Uma Krishnaswami Very much so, very much so. I think writers reflect the spaces they live in. And so, I've got a follow up to Monsoon that has just been accepted and it will be about climate change and its impact on mangoes. So, the story will be about a child whose family grow mangoes. And the kids are worried about the tree because there's been, you know, shifts in the weather, unseasonal rain and then cold when it shouldn’t be, sudden heat and dry when it shouldn’t be. And what’s that going to do to the tree and to the mangoes? So, yeah. How can it not, right? I mean, the sequel to Out of the Way! Out of the Way! is a picturebook called Look! Look!, and it is also about water, and it’s in many ways a sort of mirror image to Out of the Way! Out of the Way! It talks about a girl finding rocks in a field and then digging down, and they uncover a historic construction, and then they clean it up, and then the rain falls. And so, it is also very much of the time. And it you can't not do that. You have to respond to what you see happening around you. I have a dystopian, I think it will be, I don't know what it's gonna be, middle grade, YA, something. And it is a dystopian verse novel, and it's kind of struggling to express itself, and I think there will be some things happening there, that it will be post a major climate crisis in a near, not-so-far future, with kids who are picking up the pieces and living in the ruins of buildings like perhaps the Library of Congress, so we'll see where that goes.
Sabrina Beaton How do you walk the line between hope and fear?
Uma Krishnaswami Oh, God! Well, I kind of bounce from one to the other. You have to, right? I mean, there are days when I think this is all, it's just all going downhill. There's no hope for anything. Why am I even bothering? But then there are days when I think well, there are children in the world, and what is to happen to them? You can't stop. You have to keep putting one foot in front of the other because there are kids, and they didn't create this. So, how can you not.

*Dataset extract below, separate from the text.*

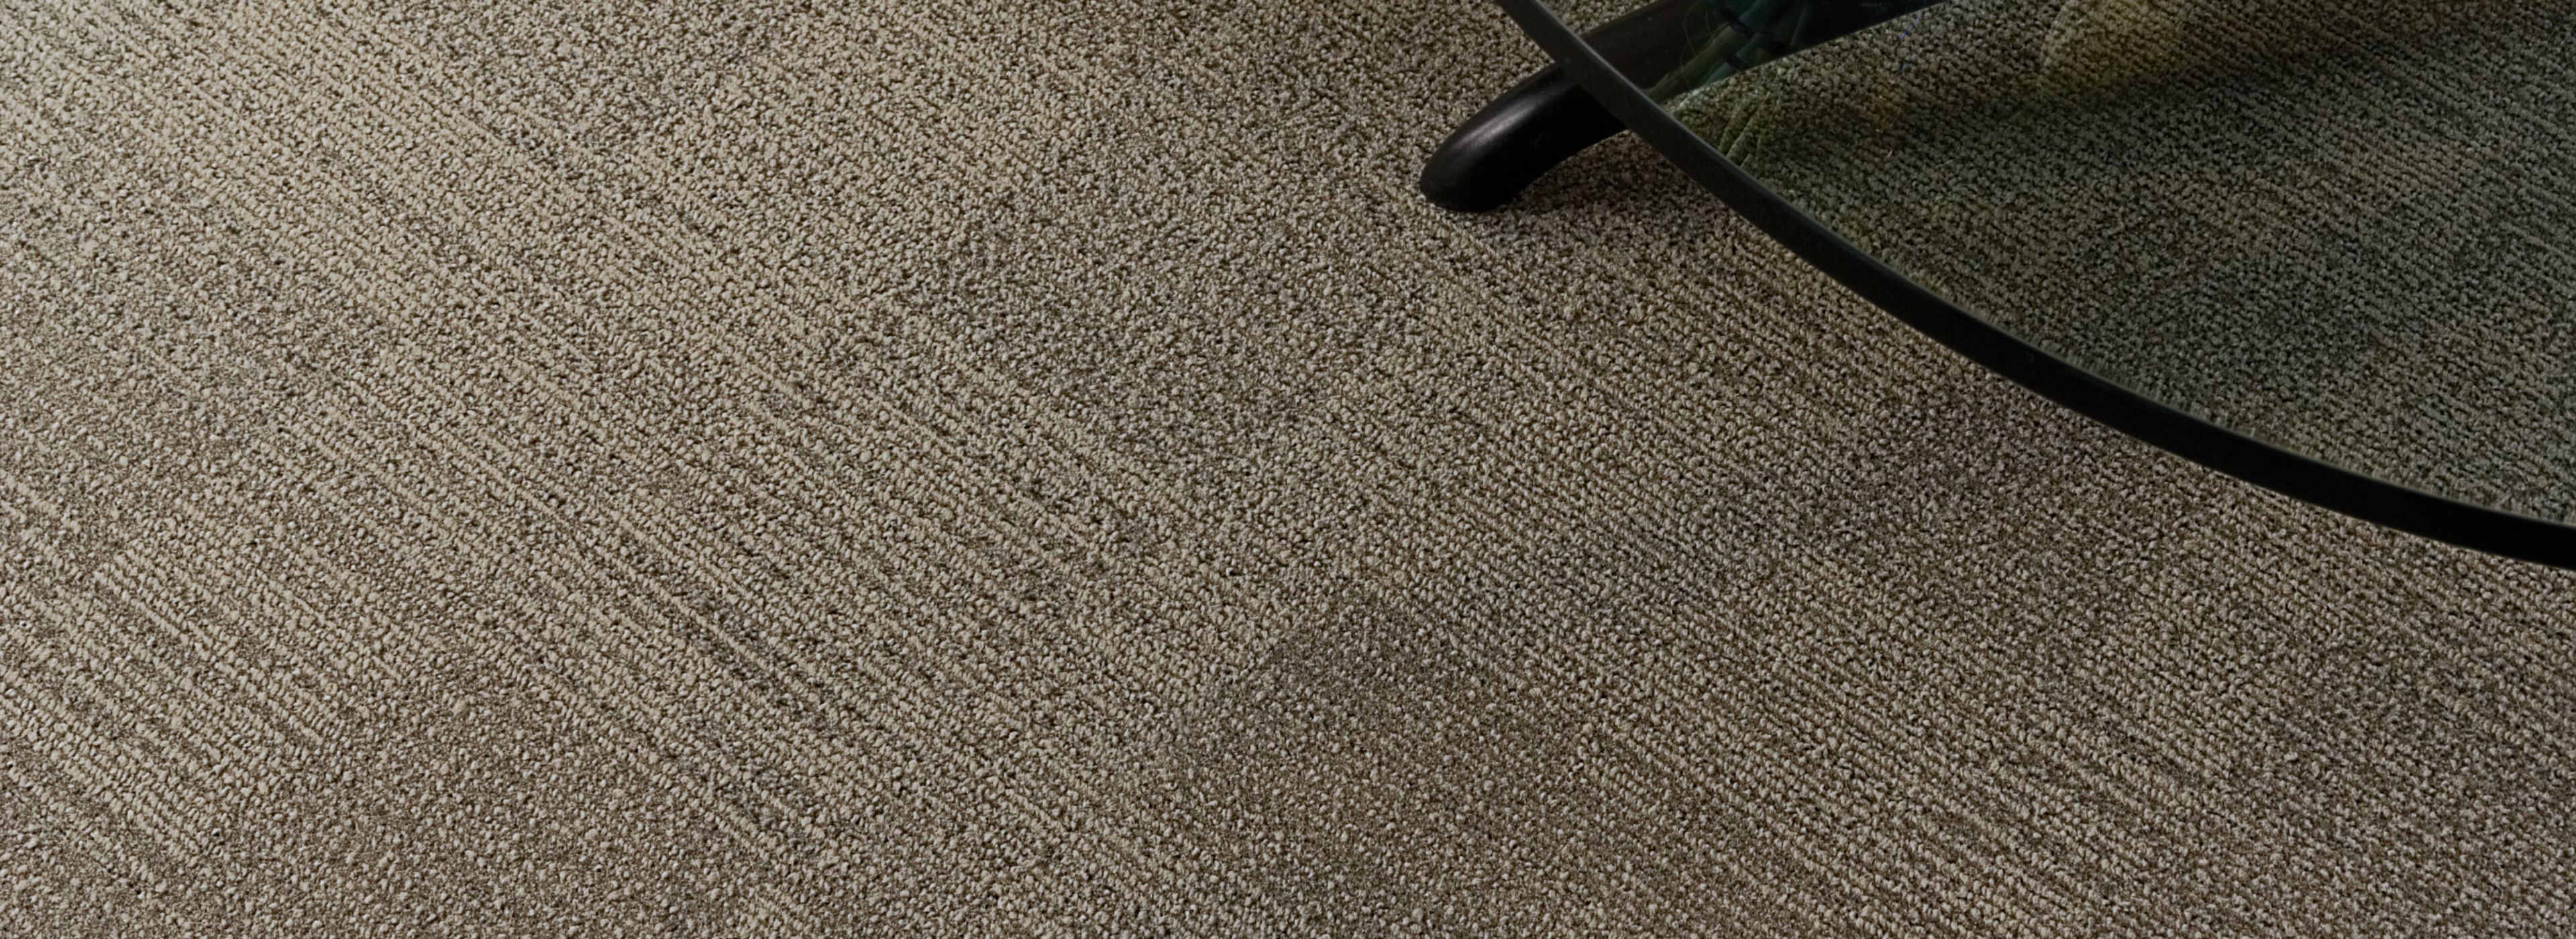 Close up of Interface Bertola carpet tile image number 1

Sabrina Beaton Yeah, exactly. How much negative or fearful content are you comfortable putting in a book for children, without it being overboard?
Uma Krishnaswami Yeah. Well, you don't know until you start writing. You know my work so far has been for younger children and I have not gone towards overly scary. I tend to not write, you know, horror. It's not me. But I think I would feel interested, I’d be very interested to see what a fantasy story would turn out to be in my hands. I mean, that’s something I’m really curious about, and I’d like to play with. And then I think I might go to some scarier places with that. I think that this dystopian one certainly is heading there.
Sabrina Beaton You’ve mentioned in another interview that if you had to pick one book of yours that you would fight to keep in print, you would chose The Broken Tusk?
Uma Krishnaswami Ah, right. Sabrina Beaton I’m wondering, if you— Uma Krishnaswami [Laughs] That might have changed since then. Can I pick two books?
Sabrina Beaton Yeah, yeah! Well, I'm wondering specifically which picturebook of yours you would fight to keep in print.
Uma Krishnaswami Ahh. I think, Out of the Way. Maybe. It just feels like a very complete story for me. And it was also, I think, you know, I think I leaned for years towards thinking. Oh, The Broken Tusk was like my formative book. That was the book that taught me how to write. Well, I think in a real way Out of the Way taught me about writing a picturebook my way. Taught me to say I can, I can look past, I can ignore, I can override concerns about quietness and lack of plot, and I can do this the way I want to, and it will still be okay. So, it shaped me as a writer.
Sabrina Beaton What main message does it offer to readers?
Uma Krishnaswami I think that you can push through. You can survive. And to me, that's a very important message. It's even more important today than it was in 2012 when that book came out.